The ubiquitous use of electronic devices has led to an explosive increase in the amount of data transfer across the globe. Several applications such as media sharing, cloud computing, Internet of things (IoT), big-data applications demand high performance interconnects to achieve high data rate communication. The mm-wave/terahertz band offers several gigahertz of spectrum for high data rate communication applications. This thesis explores millimeter-wave/terahertz circuits and terahertz systems for various applications in CMOS technology. Some of them include links for personal area networks, wireless backhauls, chip to chip communication (short-range) links in form factor constrained devices (wireless in a box) and also for long-range high-speed communication (using phased arrays or lenses).

In particular, this research explores the feasibility of millimeter-wave/terahertz systems and also the performance of critical blocks such as power amplifiers. A linear power amplifier is designed in a deeply scaled technology node (28 nm) and the various challenges in the design process are discussed. The performance is validated using measurement results and compared across various technology nodes.
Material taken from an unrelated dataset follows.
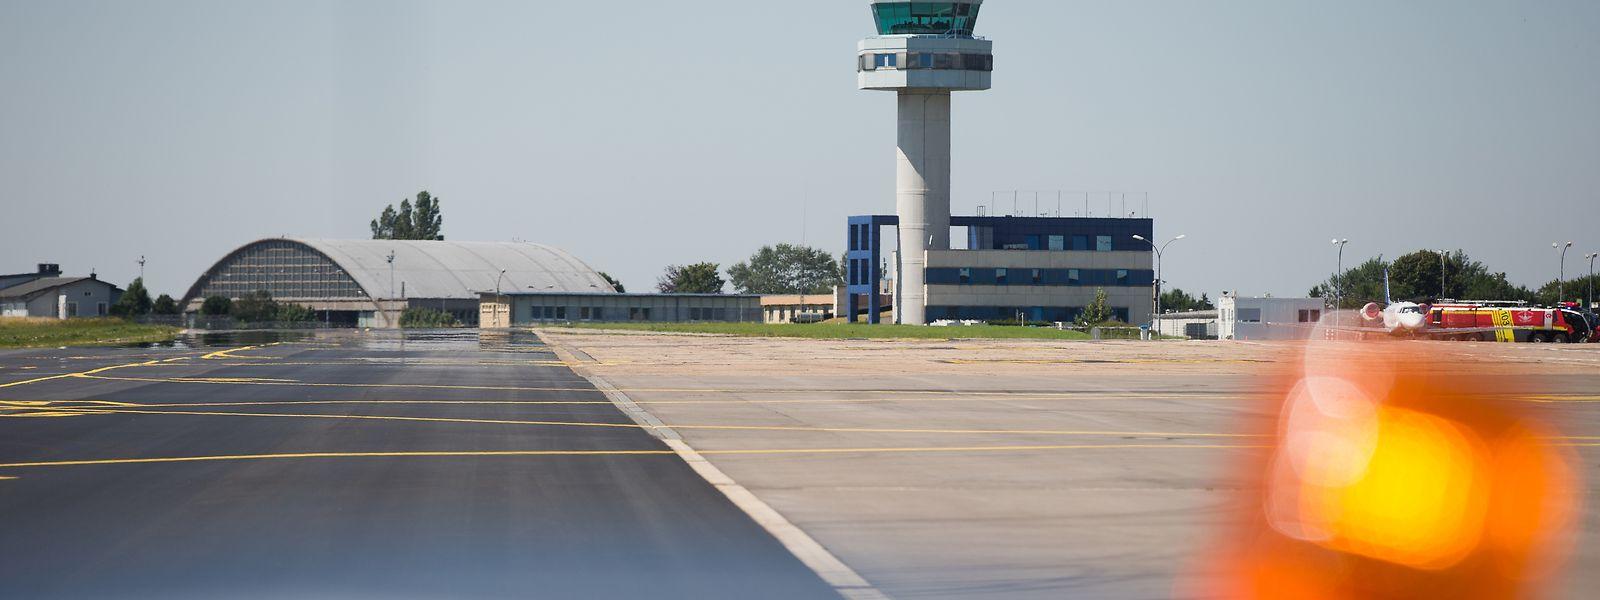 Nach der Renovierung des Terminal B und neuen Stellplätzen für Frachtflieger steht nun 2020 die Erneuerung der Start- und Landebahn an, auch ein neuer Tower soll her, wie unlängst beschlossen wurde.

Non-linear millimeter-wave switching power amplifiers are also explored due to their high efficiencies and a prototype is fabricated to verify the modeling and simulation results.

The ideas and modeling strategies from the individual blocks are used in the design of mm-wave/terahertz transceivers. Simple modulation schemes such as on-off keying, binary phase shift keying and quadrature phase shift keying are used for transmission of data. Two transceiver prototypes with different transmitter and receiver architectures are fabricated in bulk CMOS technology. The system level considerations and architecture choices are discussed. Theoretical analysis of critical blocks with design choices are explained along with their implementation details. The system level measurements from the two transceivers confirm the feasibility of such links at millimeter-wave/terahertz frequencies. The work from this thesis demonstrates the world's first fully functional link at frequencies greater than 200 GHz in CMOS technology.